* _EXTRACTED ENTRIES_

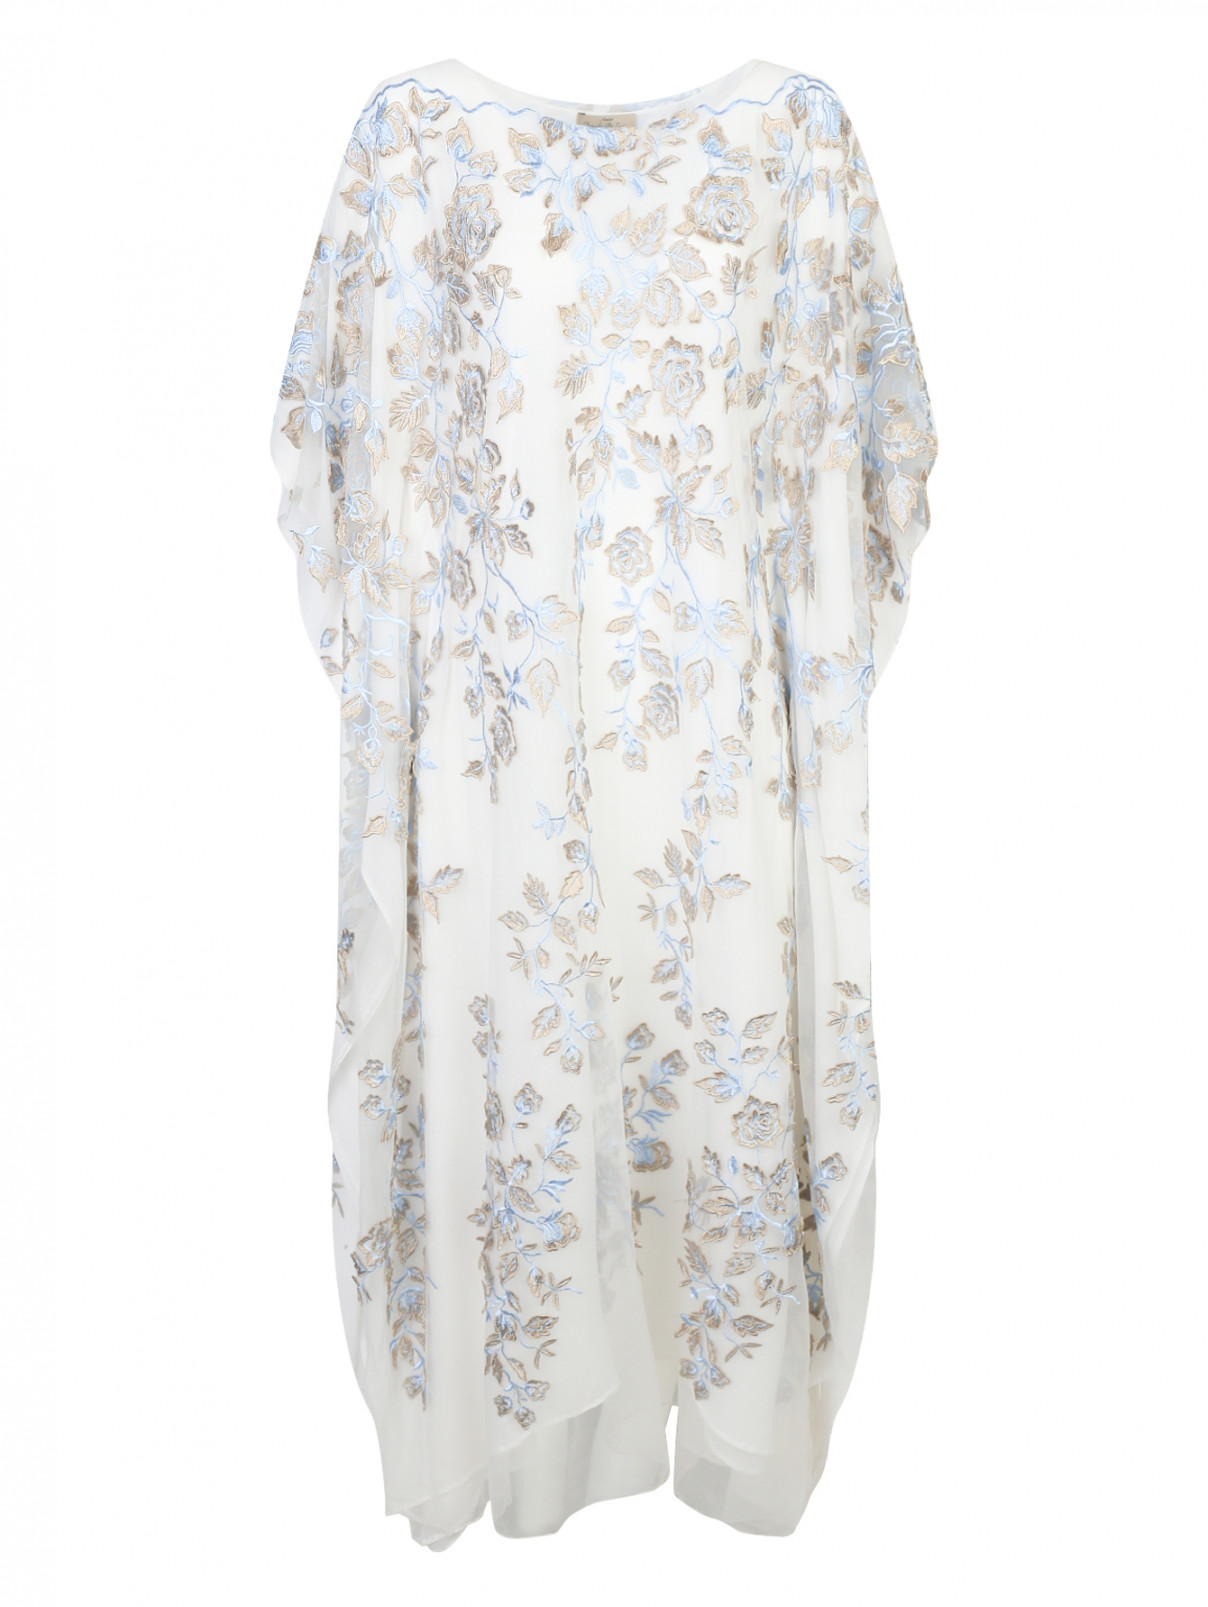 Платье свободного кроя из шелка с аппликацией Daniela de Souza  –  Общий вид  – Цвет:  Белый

--

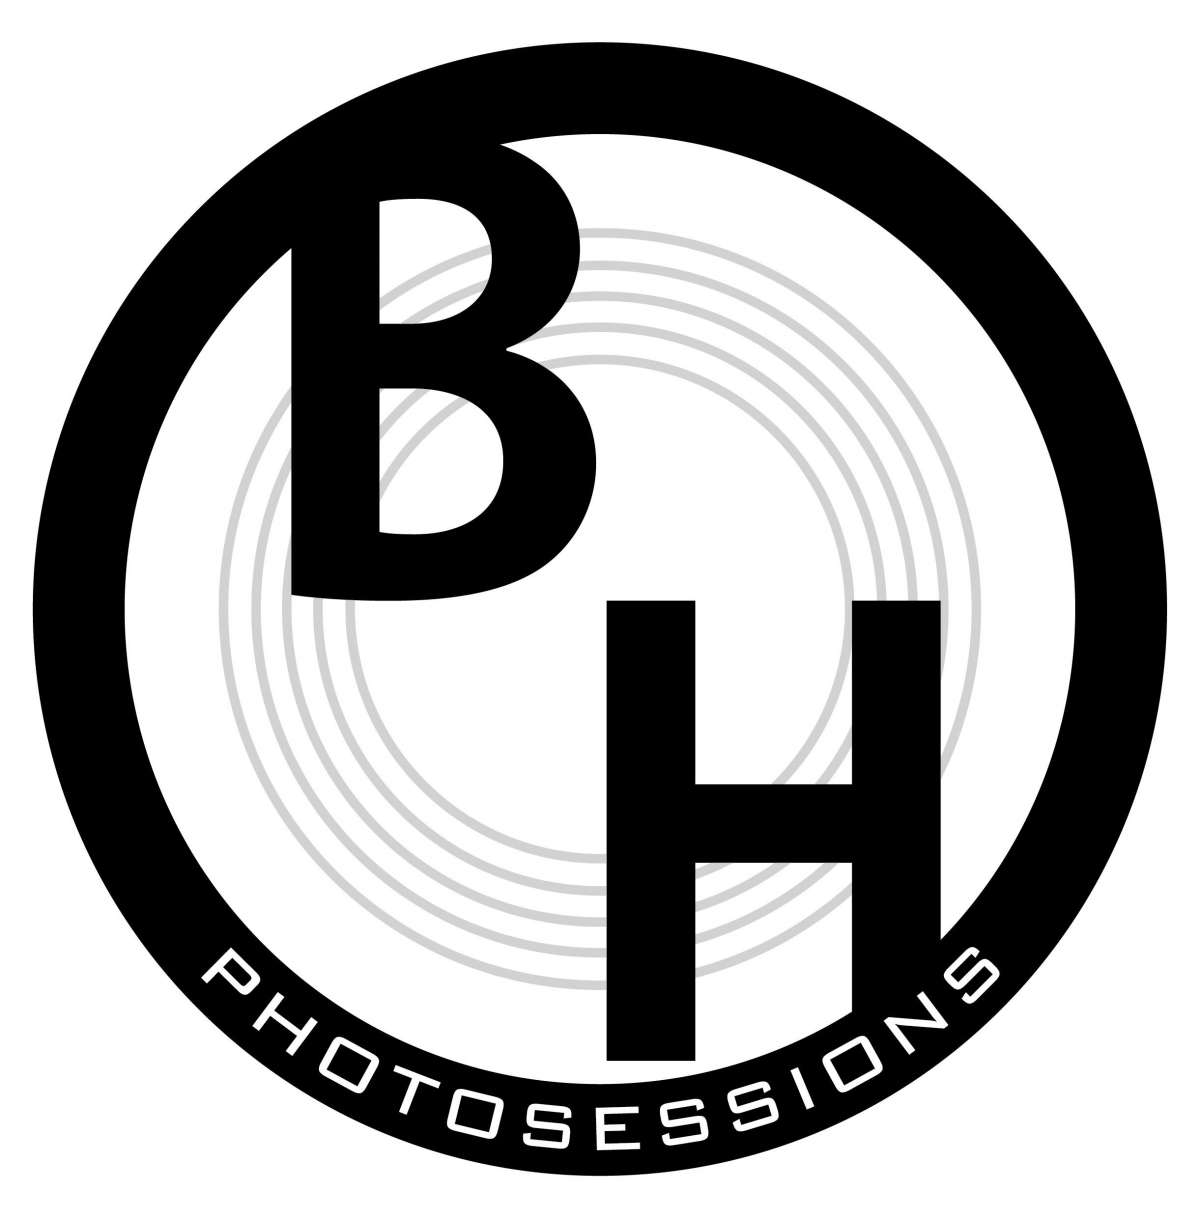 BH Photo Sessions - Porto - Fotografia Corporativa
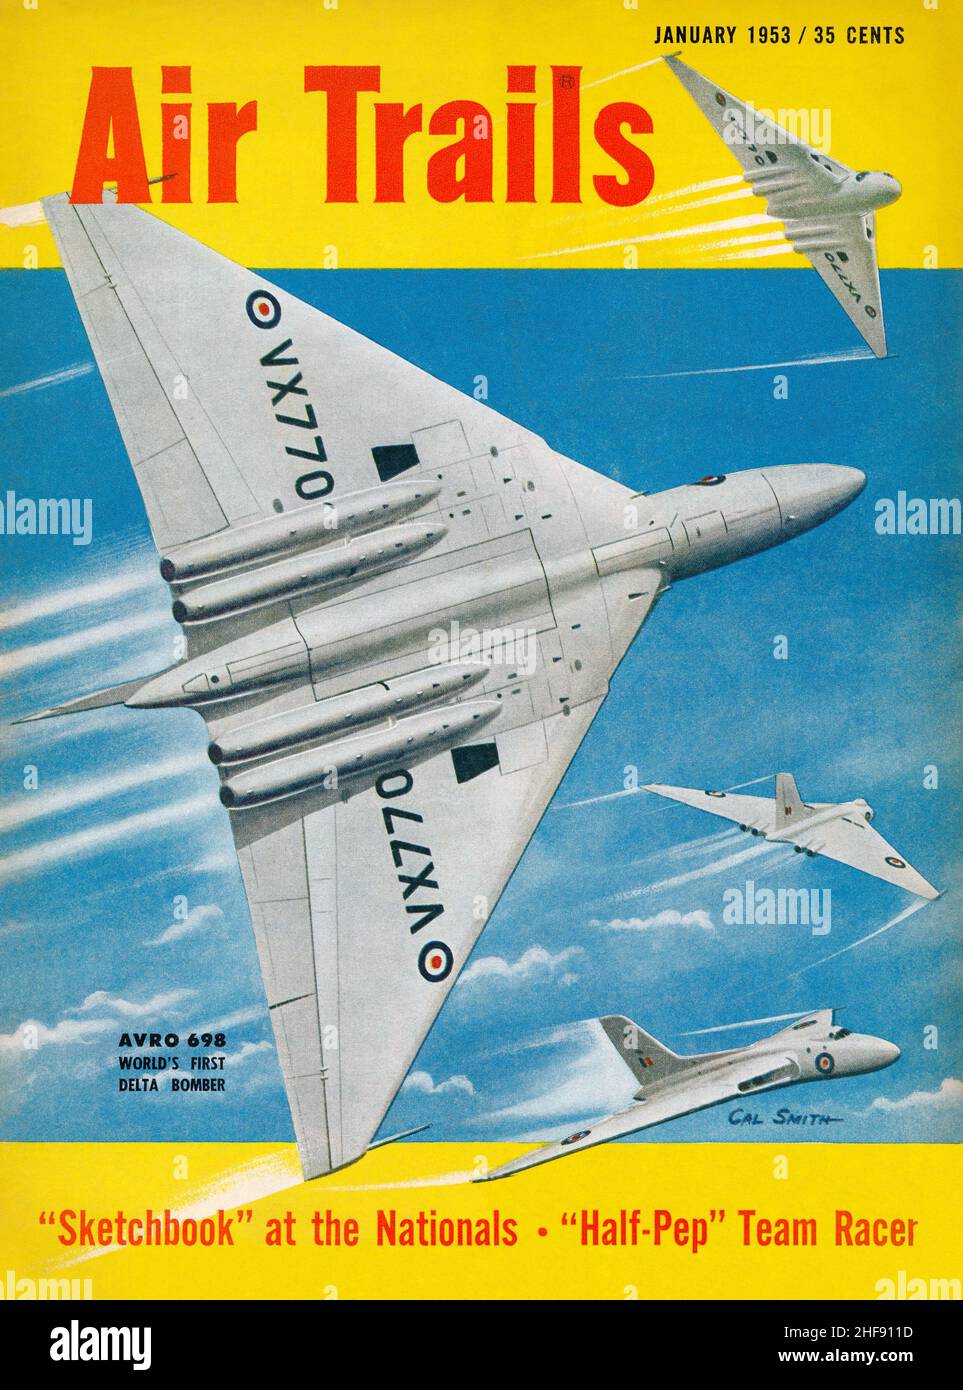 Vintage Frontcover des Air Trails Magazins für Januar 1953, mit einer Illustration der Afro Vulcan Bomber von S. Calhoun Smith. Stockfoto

* _PROBLEM TO SOLVE_
Look above for the line with "BH Photo Sessions", then print it and each line after it down to and including the line with "Vintage Frontcover des". Leave out the pictures and keep the wording exact.

* _SOLUTION FOR THIS EXERCISE_
 BH Photo Sessions - Porto - Fotografia Corporativa
 Vintage Frontcover des Air Trails Magazins für Januar 1953, mit einer Illustration der Afro Vulcan Bomber von S. Calhoun Smith. Stockfoto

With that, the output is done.